HCF Calculator using the Euclid Division Algorithm helps you to find the Highest common factor (HCF) easily for 4960, 8322 i.e. 2 the largest integer that leaves a remainder zero for all numbers.

HCF of 4960, 8322 is 2 the largest number which exactly divides all the numbers i.e. where the remainder is zero. Let us get into the working of this example.

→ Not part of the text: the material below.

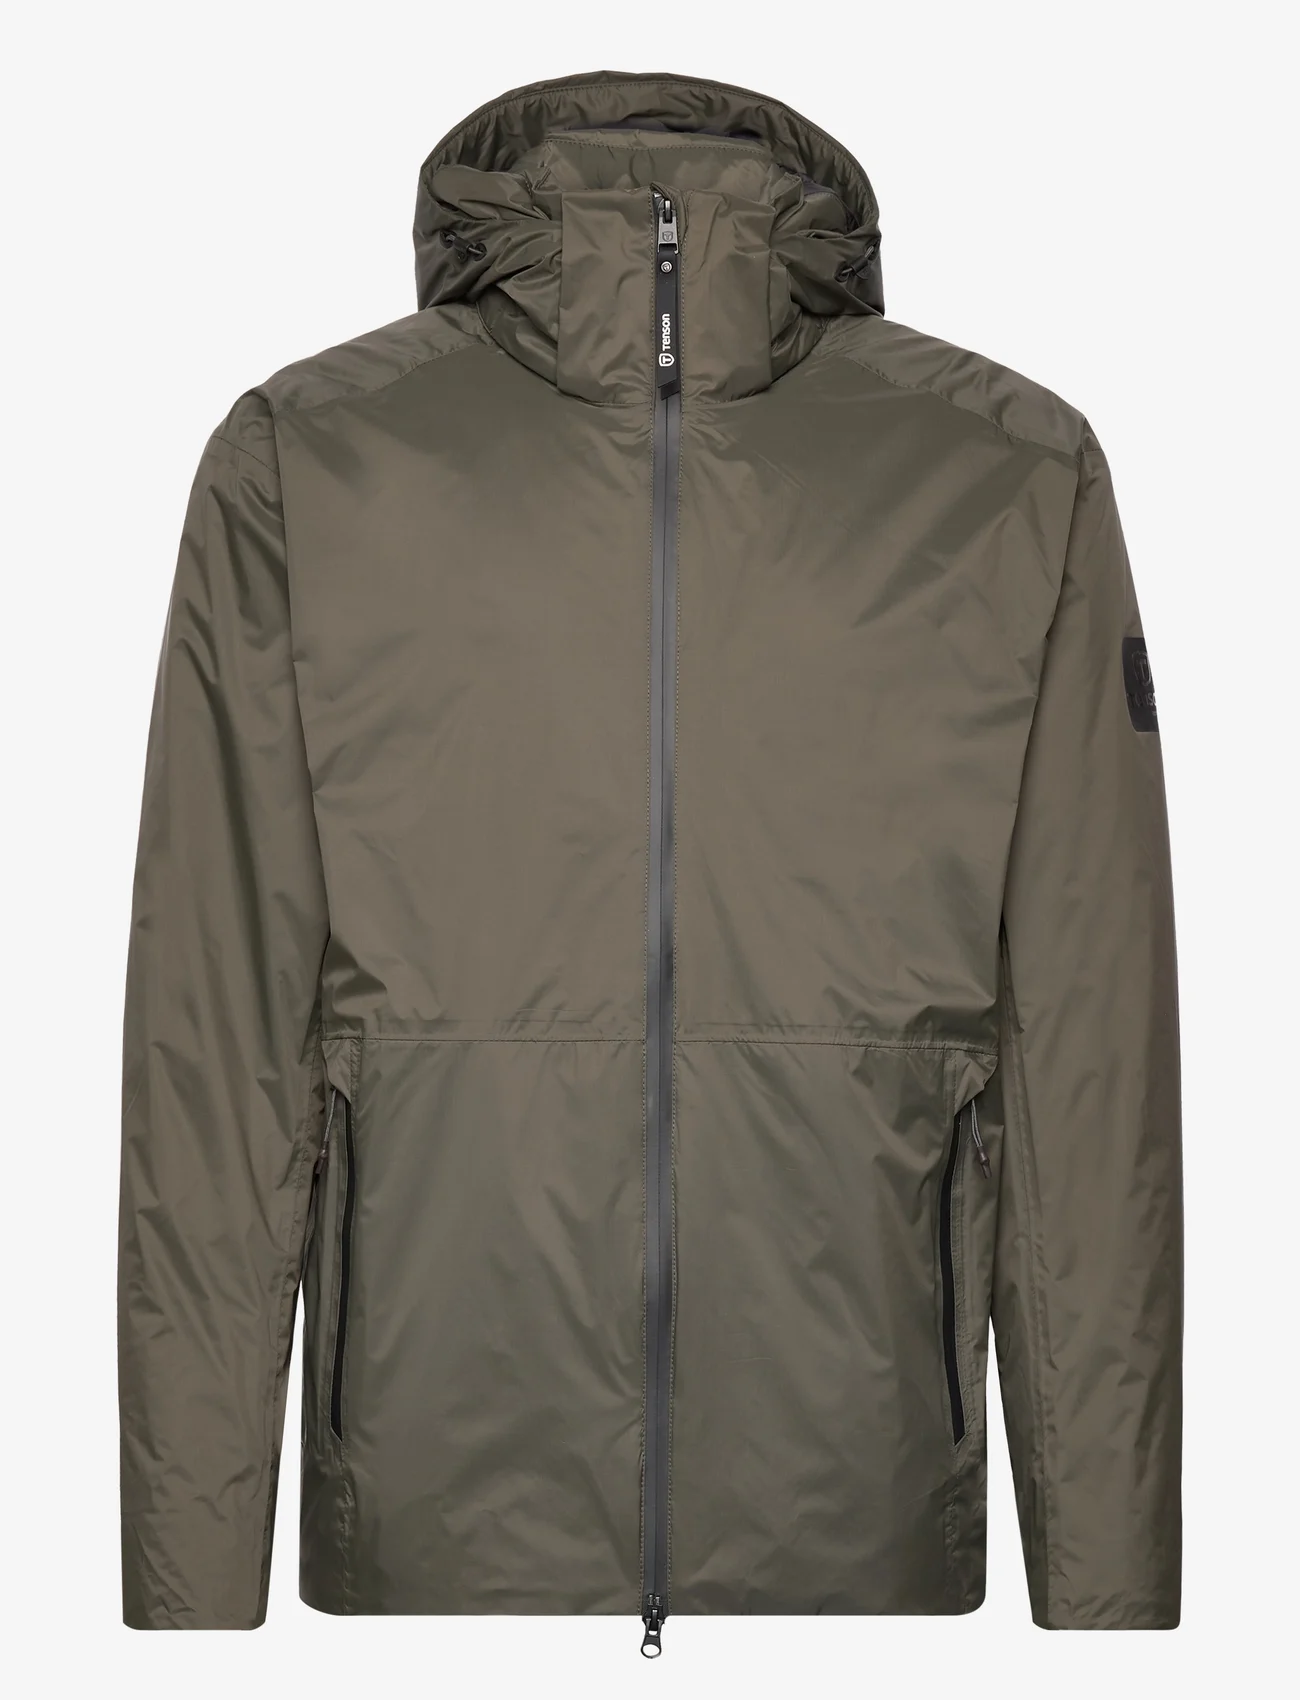 Tenson - Transition Jacket Men - regnjakker - dark olive - 0

Consider we have numbers 4960, 8322 and we need to find the HCF of these numbers. To do so, we need to choose the largest integer first and then as per Euclid's Division Lemma a = bq + r where 0 ≤ r ≤ b

Highest common factor (HCF) of 4960, 8322 is 2.

HCF(4960, 8322) = 2

HCF of 4960, 8322 using Euclid's algorithm

Highest common factor or Highest common divisor (hcd) can be calculated by Euclid's algotithm.

HCF of:

Highest common factor (HCF) of 4960, 8322 is 2.

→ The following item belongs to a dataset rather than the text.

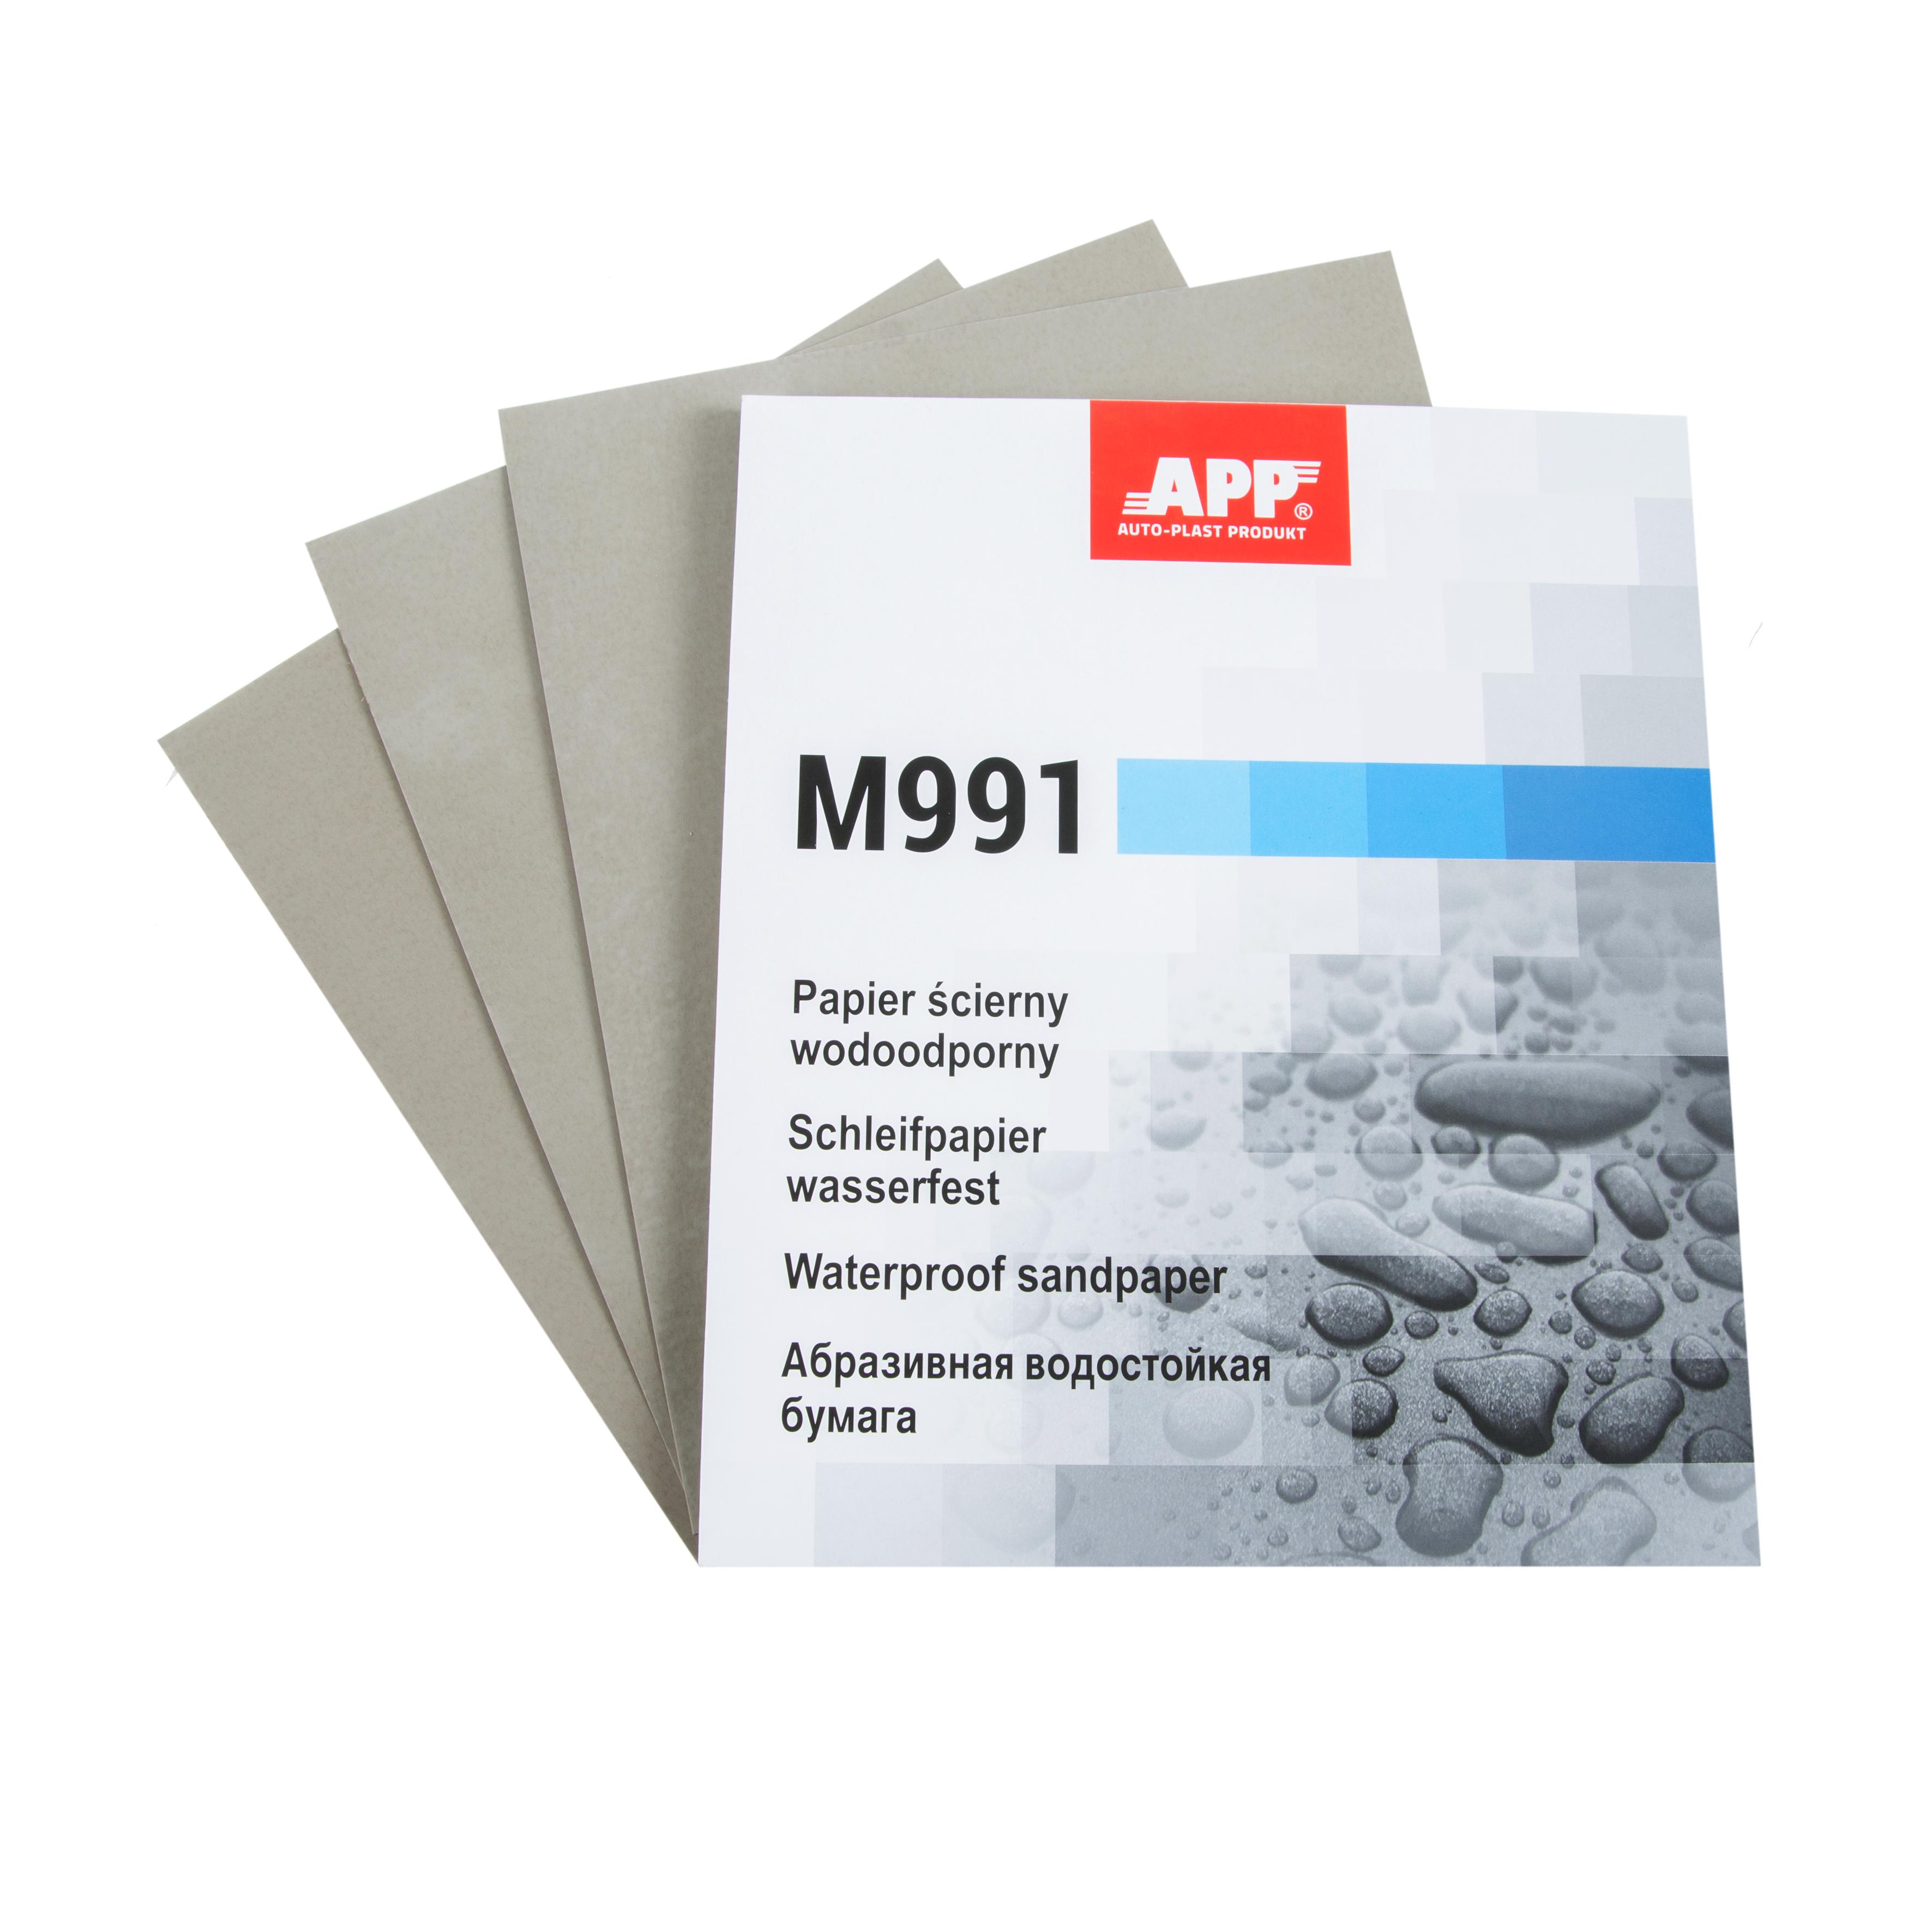 APP 40MW2500 Schleifpapier M991 wasserfest P2500 blau 230 mm x 280 mm 50 Stück | Wasserschleifpapier WP waterproof Blätter Sheets

Highest Common Factor of 4960,8322 using Euclid's algorithm

Highest Common Factor of 4960,8322 is 2

Step 1: Since 8322 > 4960, we apply the division lemma to 8322 and 4960, to get

8322 = 4960 x 1 + 3362

Step 2: Since the reminder 4960 ≠ 0, we apply division lemma to 3362 and 4960, to get

4960 = 3362 x 1 + 1598

Step 3: We consider the new divisor 3362 and the new remainder 1598, and apply the division lemma to get

3362 = 1598 x 2 + 166

We consider the new divisor 1598 and the new remainder 166,and apply the division lemma to get

1598 = 166 x 9 + 104

We consider the new divisor 166 and the new remainder 104,and apply the division lemma to get

166 = 104 x 1 + 62

We consider the new divisor 104 and the new remainder 62,and apply the division lemma to get

104 = 62 x 1 + 42

We consider the new divisor 62 and the new remainder 42,and apply the division lemma to get

62 = 42 x 1 + 20

We consider the new divisor 42 and the new remainder 20,and apply the division lemma to get

42 = 20 x 2 + 2

We consider the new divisor 20 and the new remainder 2,and apply the division lemma to get

20 = 2 x 10 + 0

The remainder has now become zero, so our procedure stops. Since the divisor at this stage is 2, the HCF of 4960 and 8322 is 2

Notice that 2 = HCF(20,2) = HCF(42,20) = HCF(62,42) = HCF(104,62) = HCF(166,104) = HCF(1598,166) = HCF(3362,1598) = HCF(4960,3362) = HCF(8322,4960) .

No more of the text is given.